FAMOUS-NSTEMI has full UK National Research Ethics Service approval (Reference 11/S0703/6).

Registration

The trial registration numbers are: NCT01764334; ISRCTN97489534.

Trial management

The trial will be conducted in line with Guidelines for Good Clinical Practice in Clinical Trials. Trial management will include a Trial Management Group, Trial Steering Committee, Clinical Event Committee, and Data and Safety Monitoring Board (online Appendix Supplementary material).

Definition of adverse events

Major adverse cardiovascular event is the composite of “cardiovascular death, nonfatal MI, unplanned hospitalization for transient ischemic attack or stroke.”

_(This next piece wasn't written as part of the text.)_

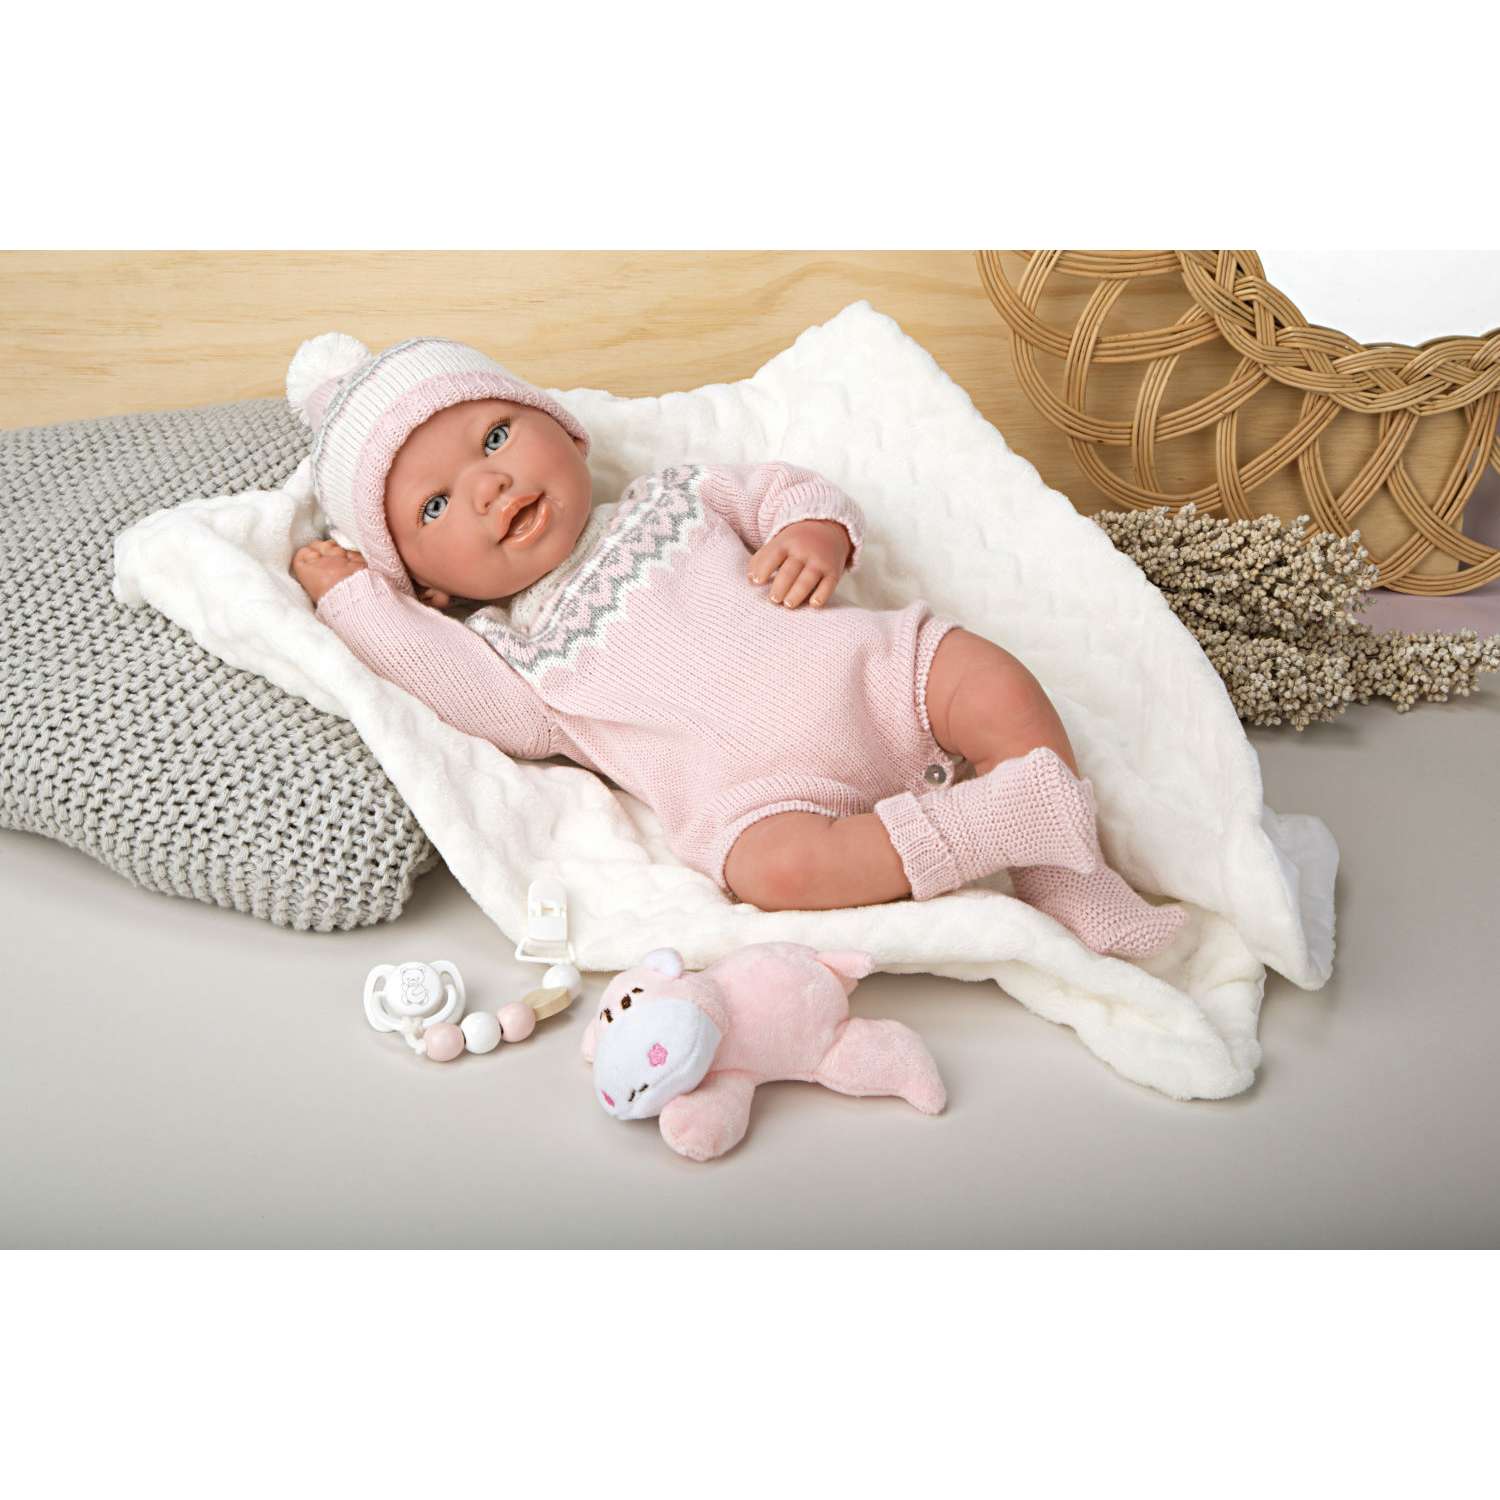 Кукла пупс Arias Anais мягкий новорожденный в розовой одежде с соской 45 см реборн Т24491 - фото 1

Major adverse cardiac events are defined as “cardiac death, or unplanned hospitalization for MI or heart failure.”

Percutaneous coronary intervention and CABG are nonmajor adverse events.

Myocardial infarction is defined according to the criteria specified in the Third Universal Definition of Myocardial Infarction (including type 4 MI for PCI and type 5 for CABG).

Contrast agent–induced nephropathy is defined as either a > 25% increase of serum creatinine or an absolute increase in serum creatinine of 0.5 mg/dL after a radiographic examination using a contrast agent.

Bleeding is defined according to the ACUITY criteria: major bleed = intracranial or intraocular bleeding, bleeding at the site of angiography requiring intervention, a hematoma of 5 cm in diameter, a reduction in hemoglobin level of at least 4 g/dL in the absence of overt bleeding or 3 g/dL with a source of bleeding, or transfusion.

Sources of funding

The trial is supported by a Project Grant from the British Heart Foundation (PG/11/55/28999) and the Chief Scientist Office of the Scottish Government. St Jude Medical UK Ltd has provided a restricted research grant for the pressure wires.

The trial sponsor is the National Waiting Times Centre, NHS Scotland. The authors are solely responsible for the design and conduct of the study, all analyses, the drafting and editing of the paper, and its final contents.

Discussion

Should our hypotheses prove correct, then favorable outcomes from our developmental clinical trial will inform the design and justification for undertaking a large multicenter outcome trial to further validate these initial findings.

Randomization is performed after coronary anatomy is known because coronary lesion severity defines the patients who are eligible to be randomized. However, this design renders the trial susceptible to selection bias, as may have occurred in other trials (eg, COURAGE, BARI2D, FAME, and FAME-2), potentially favoring inclusion of patients with less complex coronary disease. To facilitate inclusion of patients with complex disease (eg, chronic total occlusion, critically narrowed lesions), an FFR of 0.5 can be assigned without requirement to pass the pressure wire. This approach is intended to facilitate the inclusion of all eligible patients. Because FFR group assignment is “open,” by design, we have attempted to minimize treatment bias at the time of the procedure and during follow-up by not disclosing the FFR values in the angiography-guided group. Nondisclosure of FFR in the control group differentiates our study from FAME-2 where FFR values were known in all of the randomized patients.

Disclosures

Professor Berry and Professor Oldroyd have acted as consultants for St Jude Medical and received an unrestricted research grant, with these funds paid to their employers.